Old National Bancorp, which has not bought a bank since 2000, is embracing the time-tested acquisition strategy of courting potential targets.
The $8.2 billion-asset Evansville, Ind., company has promoted Harold "Slug" Clemmons Jr. to senior vice president of mergers and acquisitions. His job: developing relationships with banks that might sell over the next few years.
"We hope, if we can establish a good enough relationship with some of these, we may not have to go through an auction process," Mr. Clemmons said in an interview Monday.
Chief financial officer Christopher A. Wolking said Old National is looking for banks in Indiana, southern Illinois, and western Kentucky with $300 million to $500 million of assets. It is also interested in buying branches from larger banks aiming to trim their operations in slower-growing markets.
Old National knows its area well and could use those branches to generate more business, Mr. Wolking said. "They're good branches," but larger banks "may not share the commitment to those markets that we do."
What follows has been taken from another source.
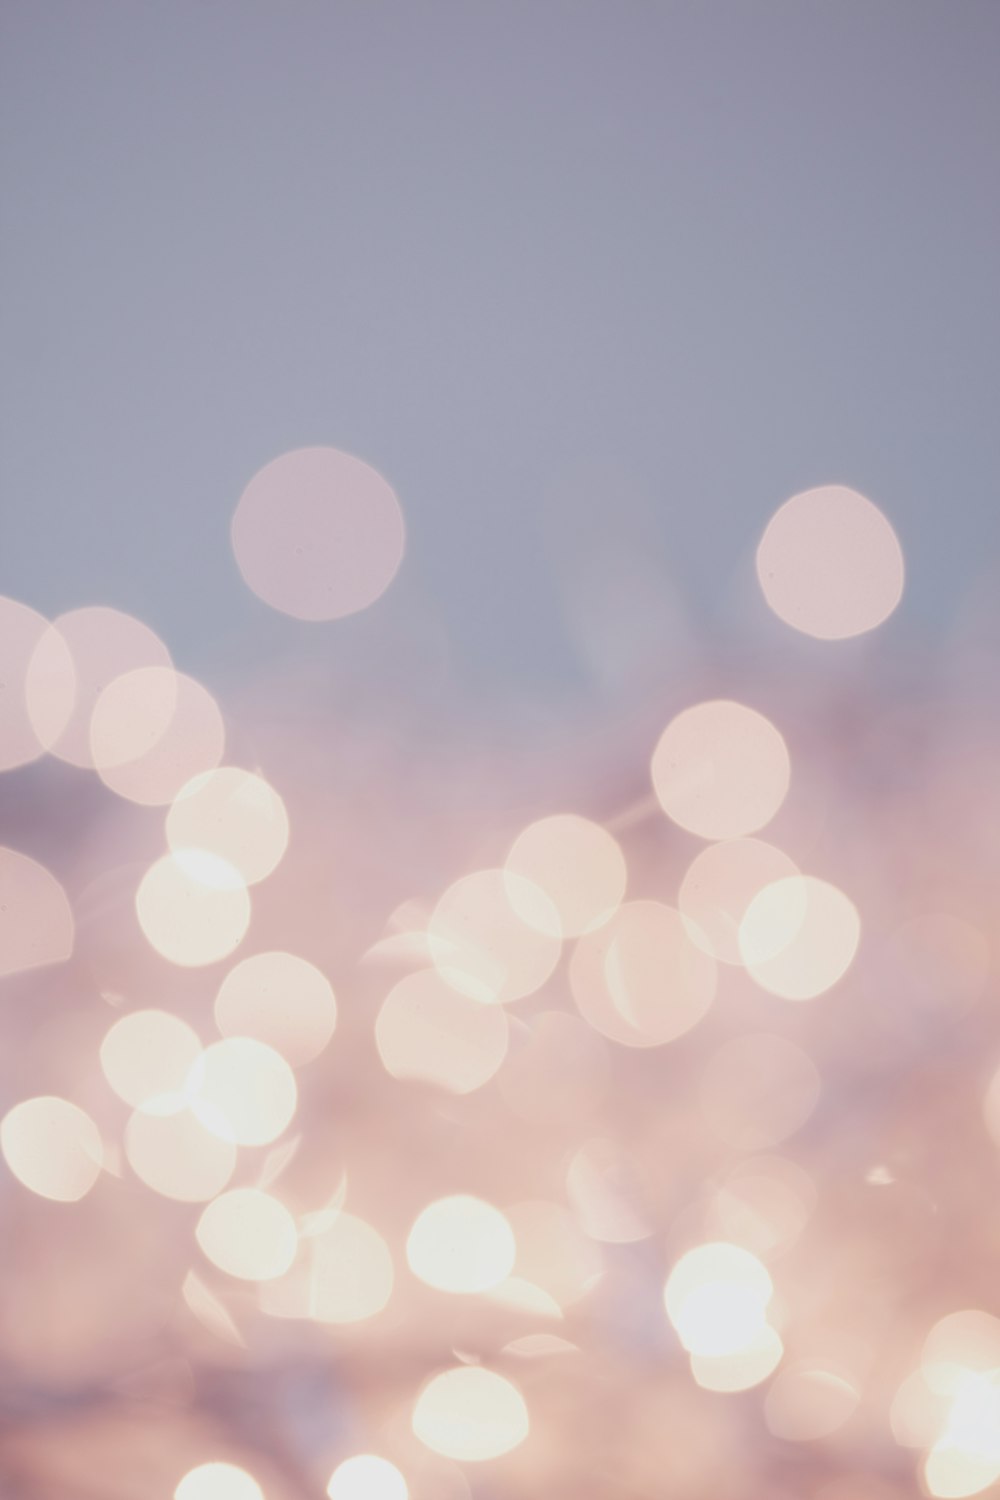 500+ Stunning Bokeh Pictures [HD] | Download Free Images & Stock Photos on  Unsplash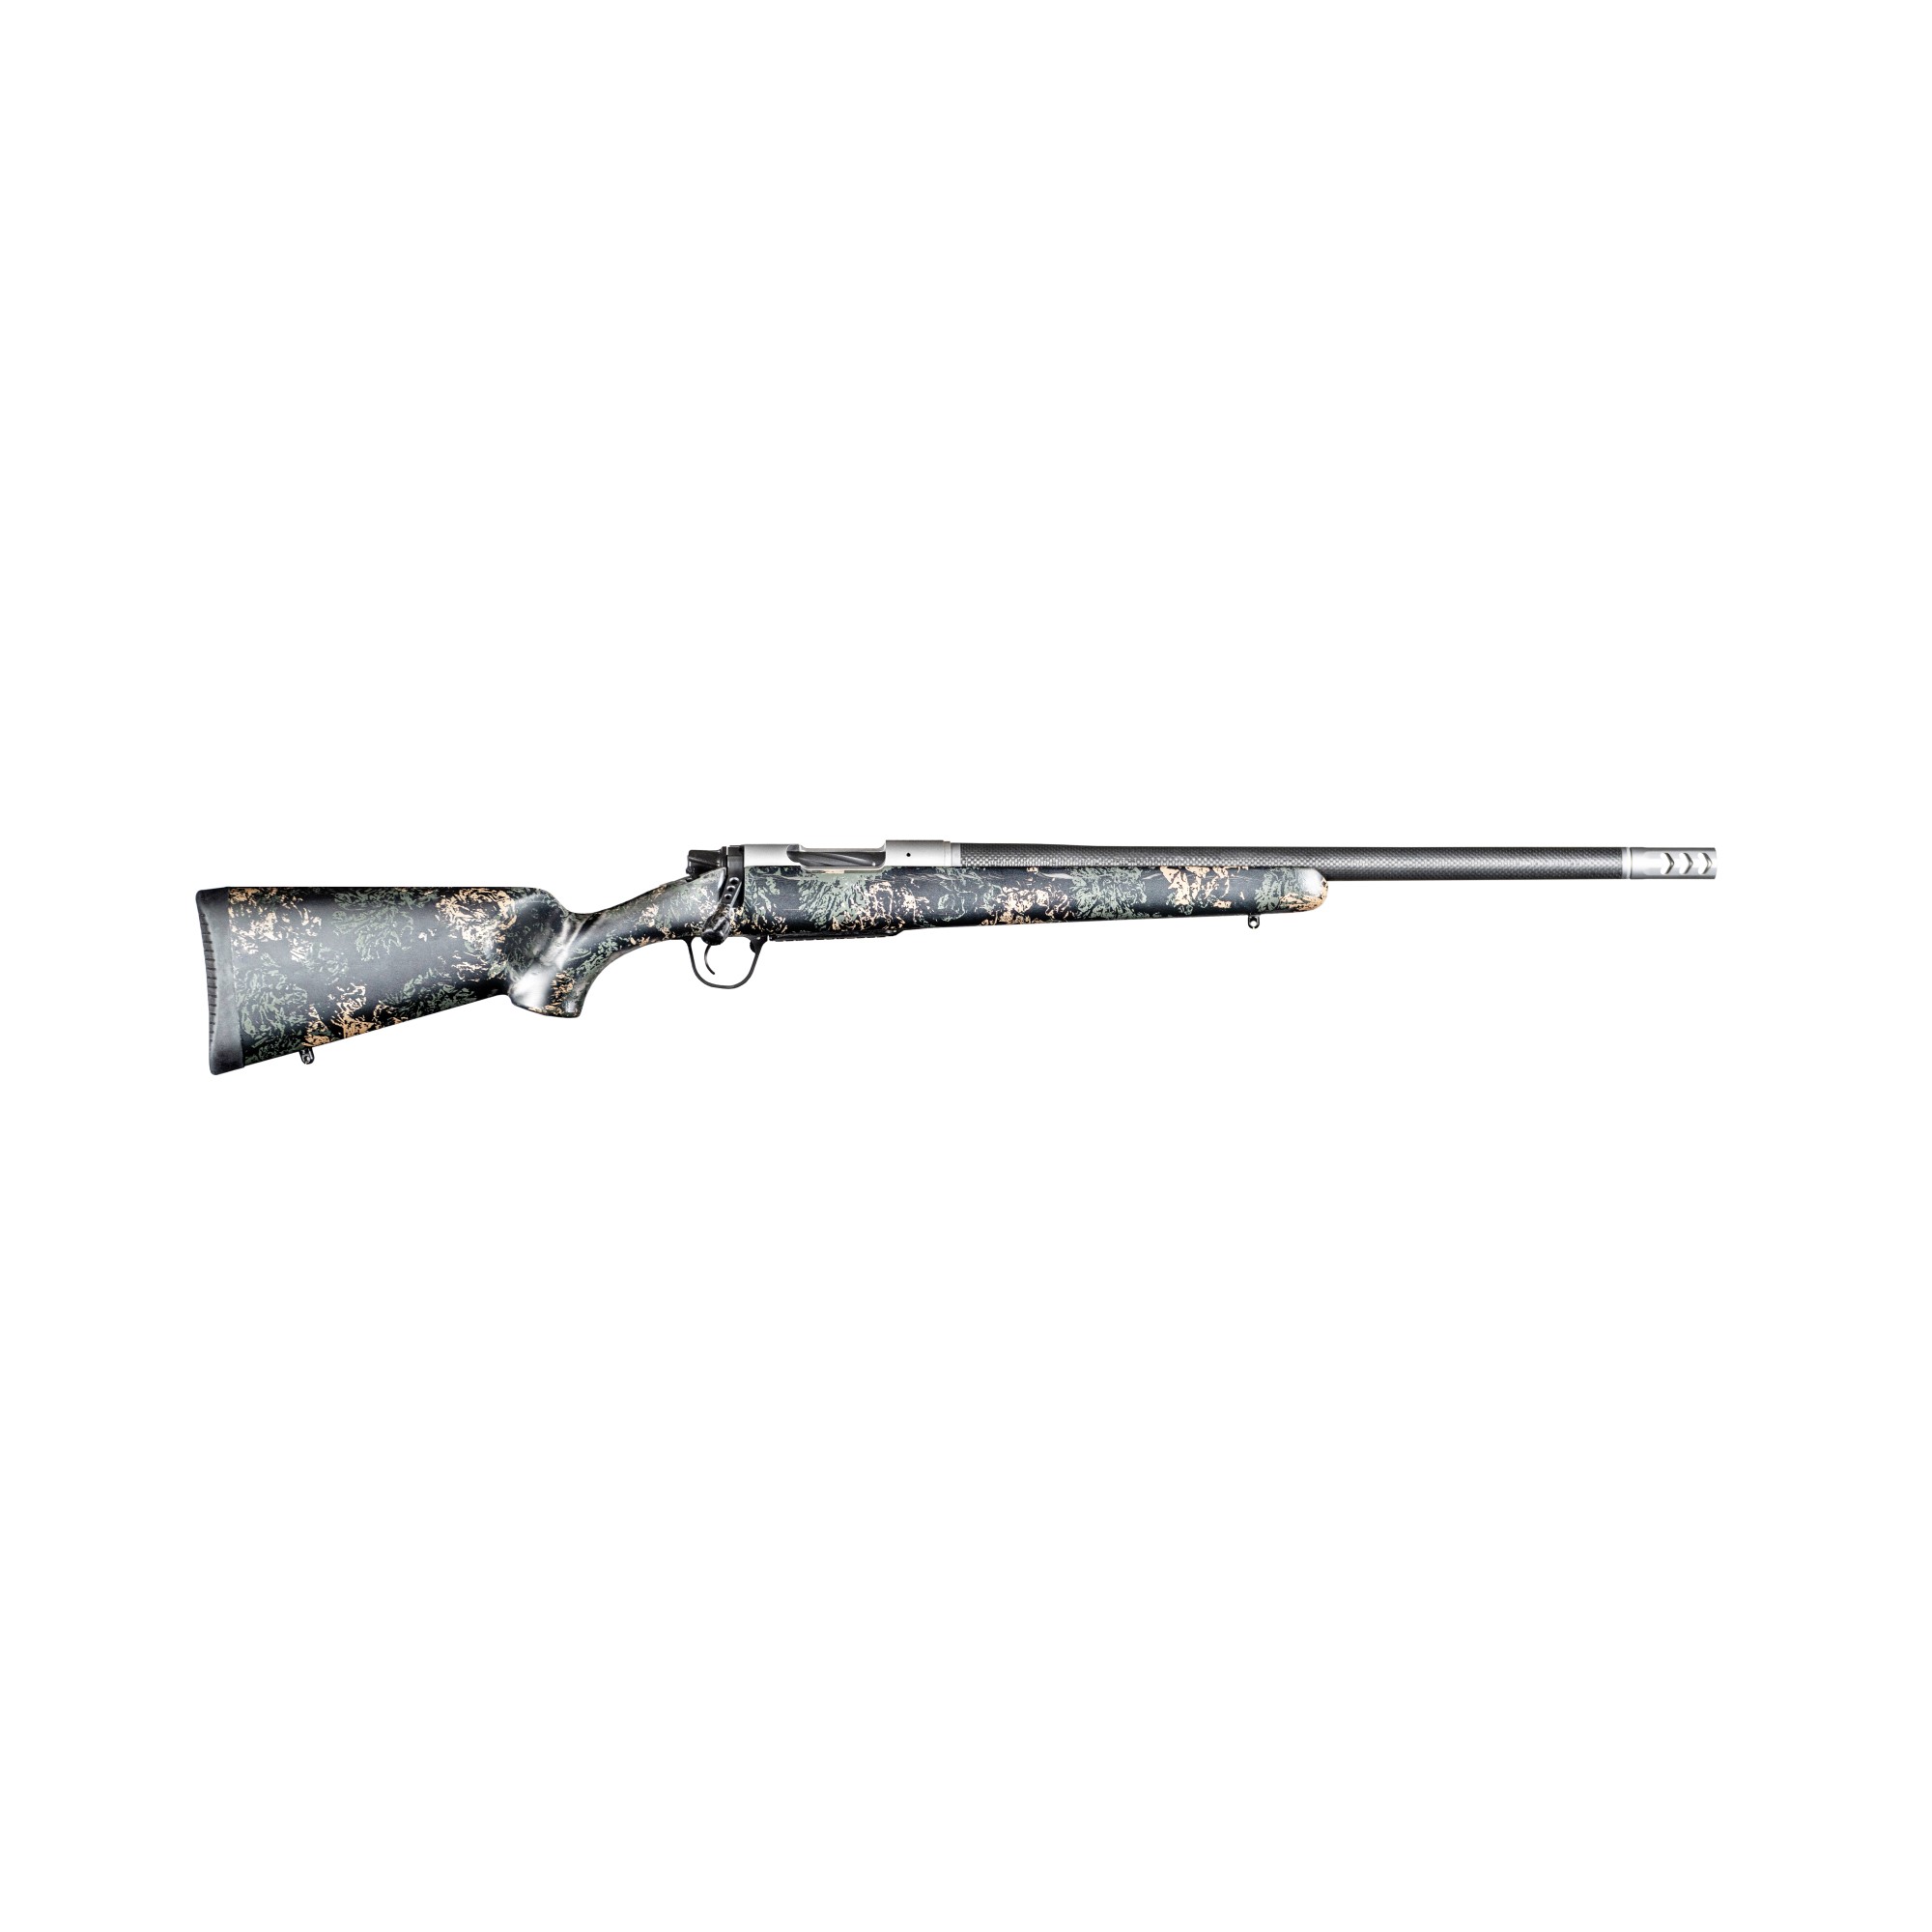 M12 BOLT-ACTION RIFLE- 8X57 IS

His company's last banking deal was the July 2000 purchase of the $502 million-asset Permanent Bancorp Inc., also of Evansville, for $92 million. Since then Old National has bought six insurance companies, a technology company, and an investment consulting firm, but it has sold 15 branches.
Mr. Wolking said Old National is making its move now because it has improved its operations and earnings.
"You hate to go out looking for an acquisition when you don't feel like you have your own house in order," he said.
Old National has been retooling since 2000, when James A. Risinger, then its president and chief executive officer, launched an efficiency drive that included consolidating the company's 21 charters into one. In 2003, Old National hired EHS Partners LLC of Chicago for efficiency help; Mr. Risinger resigned in February 2004 after hoped-for earnings improvements did not materialize.
In June 2004 the company announced it was laying off 300 employees and taking a $24 million restructuring charge. Robert G. Jones took over as the president and CEO that September and continued to make changes, including cutting loan production offices, delegating pricing authority to regional presidents, and eliminating some managerial posts to gain more direct control over the business.
In April of this year Michael R. Hinton resigned as chief operating officer to pursue other interests, the company said. His successor has not been named.
From 2002 to 2004, Old National's earnings per share fell 50%, to 90 cents. By last year they had inched up to 93 cents. In the first quarter the earnings rose 48% from a year earlier, to 31 cents.
Last year Old National's return on equity improved to 11.72%, from 9.23% at the end of 2004, and its efficiency ratio improved to 63.2%, from 72.96%, according to Federal Deposit Insurance Corp. statistics.
John S. Poelker, the company's CFO until he retired early last year, said Mr. Clemmons is not its first acquisitions officer; the last person to hold the post also retired early last year.
Banks often think about selling themselves and lining up potential buyers two to three years before a deal is announced, said Mr. Poelker, now the managing director of Poelker Consultancy Inc., a bank consulting firm in Atlanta. That means a bank needs to build and maintain relationships with banks it might want to buy, he said.
"Over the long pull, it makes sense for Old National, and banks of that size, to have someone to keep their ear to the ground, who gets out and knows the markets the bank is interested in," he said.
Mr. Clemmons, who joined Old National in 2002, was senior vice president of retirement products. Before that he had been the senior vice president in charge of operations.
His nickname came from his sister's Sunday school teacher, who sent a card to his mother when he was born. The card read, "Congratulations on the new slugger." The nickname stuck and was shortened to "Slug" when his younger brother could not say "Slugger."